Juan de Toledo aún bromeaba con estos actos “Muy bien. Han retirado
el techo y el tejado. ¿Cómo mejor podríamos recibir al Espíritu Santo?”.
Nadie
reía. En su lugar, los cardenales se quejaban continuamente. Intentaron
amenazar con excomunión a los carceleros, a los habitantes de Viterbo, a
los que negarían los Sacramentos, misa, bautismo, matrimonio, confesión,
bendición, si no establecían una comunicación entre ellos y el mundo
exterior. El tejado debía ser repuesto, los cerrojos debían abrirse y
los cardenales debían recibir alimento.
Pero las cosas
habían ido demasiado lejos. Los miembros de la familia Savelli se
presentaban a sí mismos como “vigilantes del cónclave” y amenazaron con
degollar a cualquiera que intentara abrir las puertas o reponer las
cubiertas o suministrar alimento a los cardenales. Los Savelli, junto al
gobernador Alberto, los magistrados y los habitantes de la ciudad,
dijeron a los cardenales: “Nosotros viviremos excomulgados y sin
bendición apostólica. Pero sus eminencias morirán, con toda seguridad,
de hambre, enfermedad o condiciones adversas de intemperie. ¡Elegid
papa!”. Dice bastante de la falta de cordura de los cardenales y de
su obstinación, el que no se hubiera elegido papa aún en septiembre del
mismo año. Muchos de ellos abrigaban la esperanza de que quienes les
respaldaban acudieran con sus ejércitos a liberarles de su encierro,
rompiendo el cónclave.
Fue
un sermón hacia ellos, el 1 de septiembre de 1271, por un tal Padre
Buenaventura (más tarde canonizado por la Iglesia como San Buenaventura)

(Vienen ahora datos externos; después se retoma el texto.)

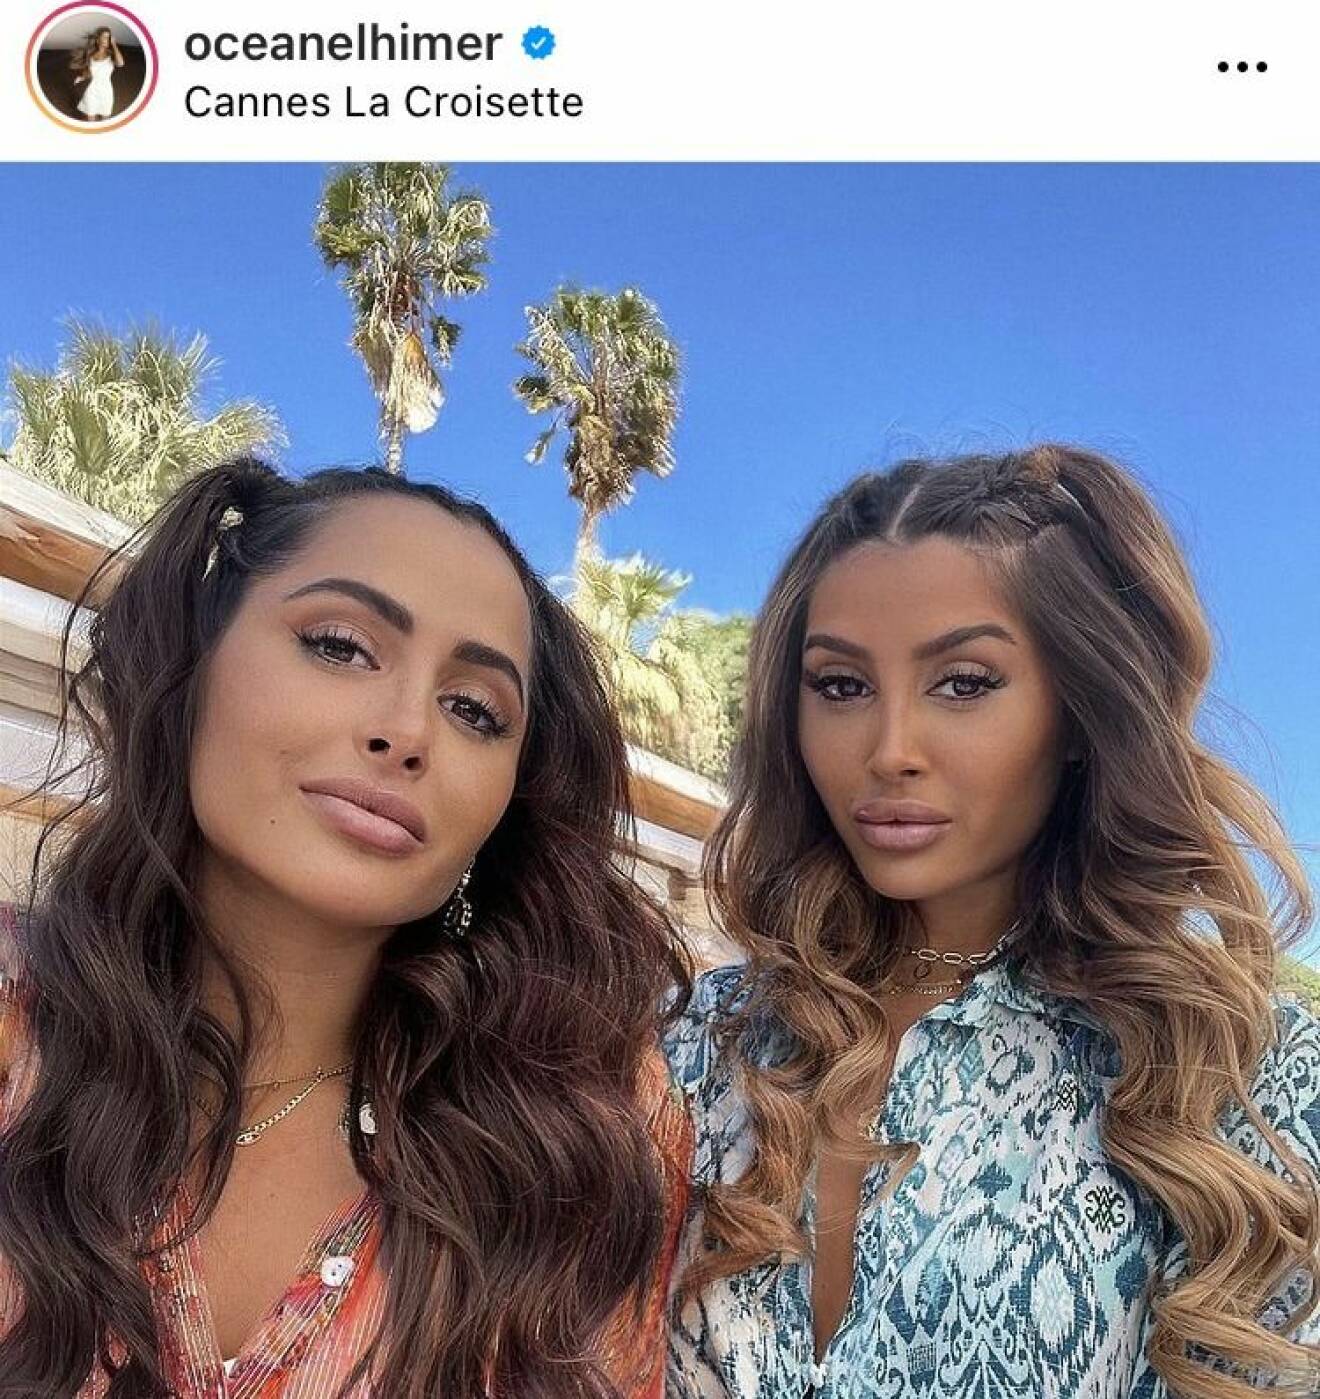 Systrarna Marine och Oceane el Himer är populära på Instagram.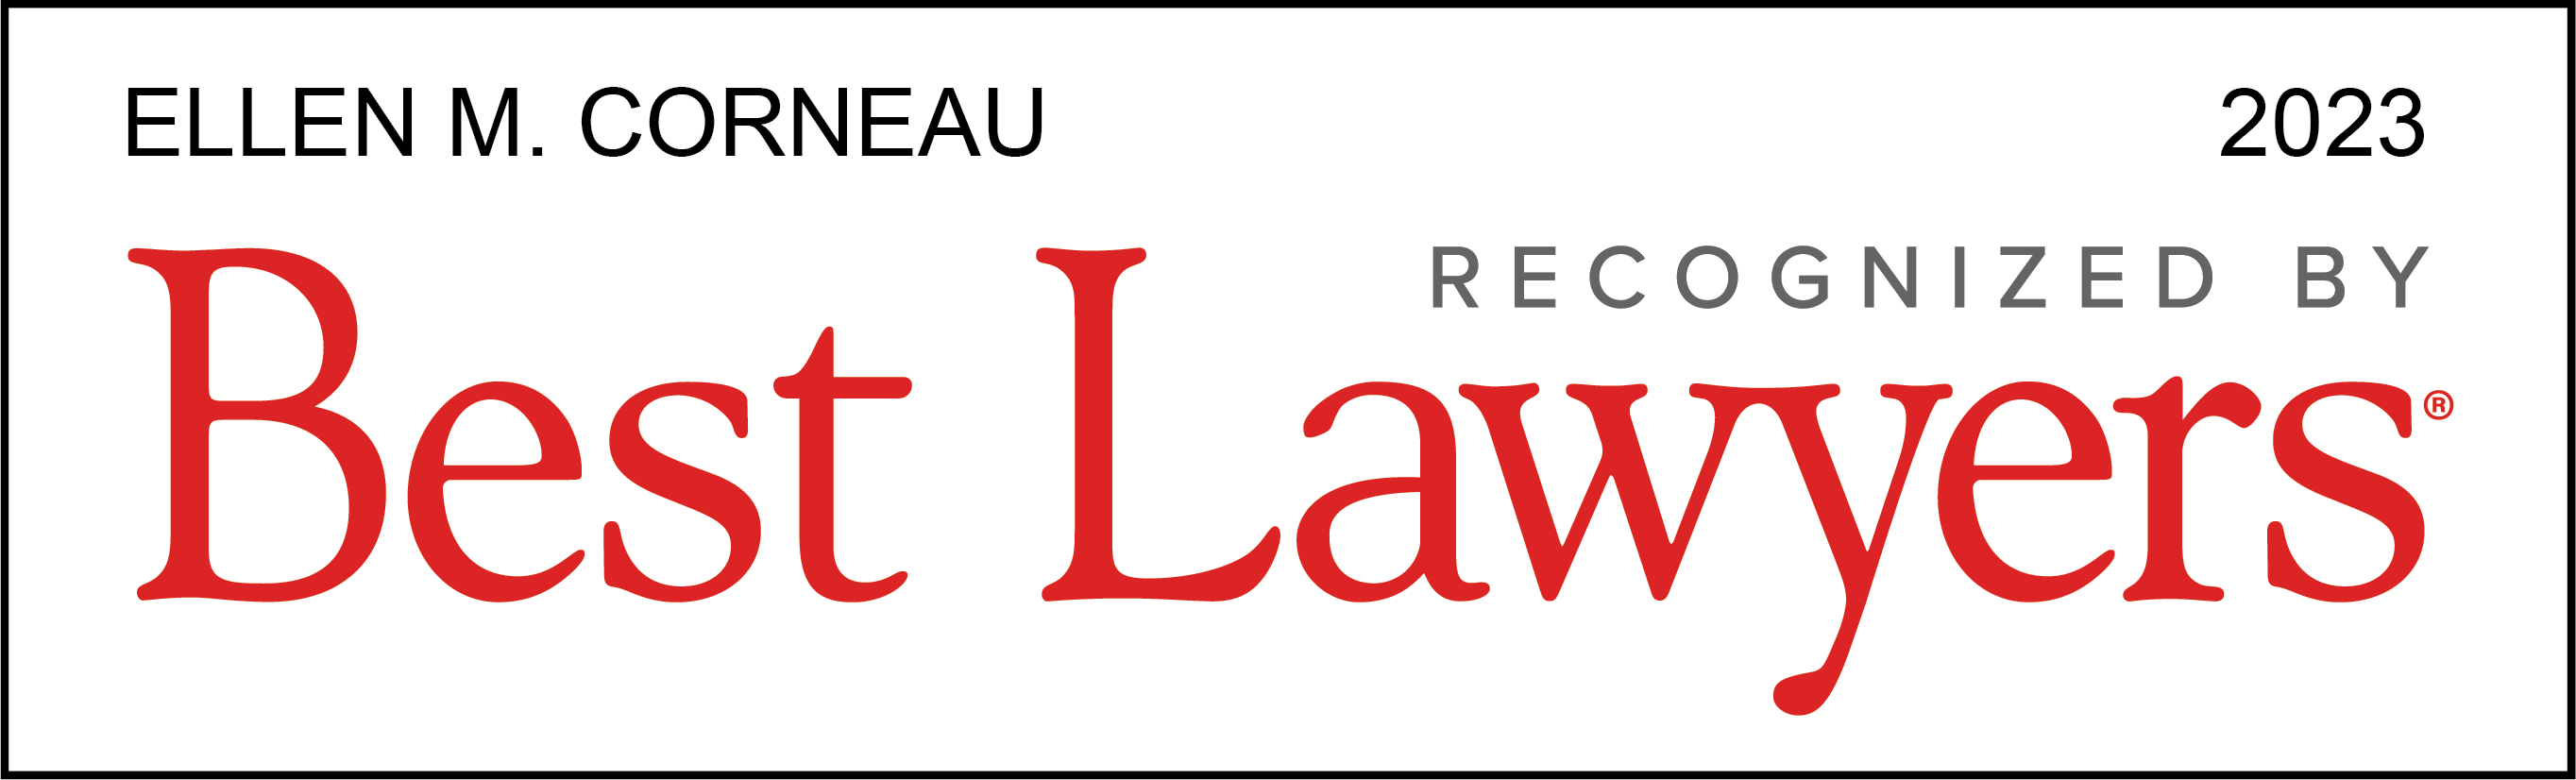 Best Lawyers Award: Ellen M. Corneau, Savage Law Partners, LLP

lo que influyó en los cardenales. Buenaventura fue uno de los que
insistió ante las autoridades civiles sobre la necesidad de encerrar a
los cardenales. Ahora les decía que las necesidades de la Iglesia eran
enormes. Subrayó, en términos medievales, los castigos eternos que
estaban previstos para los que dejaran de creer en Cristo obedeciendo a
poderes terrenales. ¿Querían todos ellos quemarse en el fuego del
infierno cuando murieran (y seguramente morirían en ese palacio si no
elegían papa)?. Los cardenales no tardaron en reaccionar: inmediatamente
después del sermón de Buenaventura, señalaron a seis compromisarios. La
noche siguiente los compromisarios habían elegido a un clérigo que no
era cardenal, un arcipreste de 61 años de edad, Teobaldo Visconti, del
Norte de Italia, con gran reputación de santidad y, por supuesto, con un
diagnóstico de muy mala salud (una de los parámetros que decidían a los
electores bajo presión). El tercer cónclave terminó.
No hubo papa
durante 2 años, 9 meses y 2 días. Cuando finalizó en cónclave, el papa
elegido, Teobaldo, oficialmente archidiácono de Lieja (Bélgica), estaba
de cruzada en palestina con el Rey Eduardo I de Inglaterra. Los
mensajeros alcanzaron a Teobaldo en noviembre y, el 13 de marzo del año
siguiente, llegó a Roma para ser consagrado como papa
Gregorio X el 27
de marzo.
El acto más
destacable de este papa Gregorio fue la llamada general a concilio de la
Iglesia en Lyon, en Francia. Quería introducir reformas en la Iglesia.
Al final del concilio, dejó caer las condiciones bajo las que se debía
elegir papa en el futuro. Este fue el primer ceremonial detallado para
elección papal. El “Cónclave” (Gregorio X fue el primer papa en
utilizar este término oficialmente), el arma que usaron los desesperados
laicos, airados príncipes y reyes, fue consagrado ahora como el método
oficial de la Iglesia para elegir al sucesor de San Pedro.
Gregorio ordenó:
cuando un papa muera, todos los cardenales quedaban bajo las órdenes del
cardenal de cámara (chambelán) que presidirá y dirigirá la Iglesia hasta
que se elija a un nuevo papa. Los cardenales presentes en el lugar de la
muerte del papa enterrarán al mismo con la debida ceremonia y esperarán
diez días hasta la llegada de los otros hermanos cardenales. Todos ellos
entrarán entonces en un palacio papal. Cada cardenal tendrá solamente un
sirviente personal y, si algún cardenal miembro enfermaba, tendría
derecho a un asistente más. Todos los cardenales entrarán “en cónclave”:
las puertas serán cerradas y bloqueadas, todas las ventanas cerradas y
atrancadas y no habrá comunicación verbal ni escrita entre ellos y el
mundo exterior.
Gregorio dio a la
familia Savelli el derecho perpetuo de ser custodios de los Cónclaves.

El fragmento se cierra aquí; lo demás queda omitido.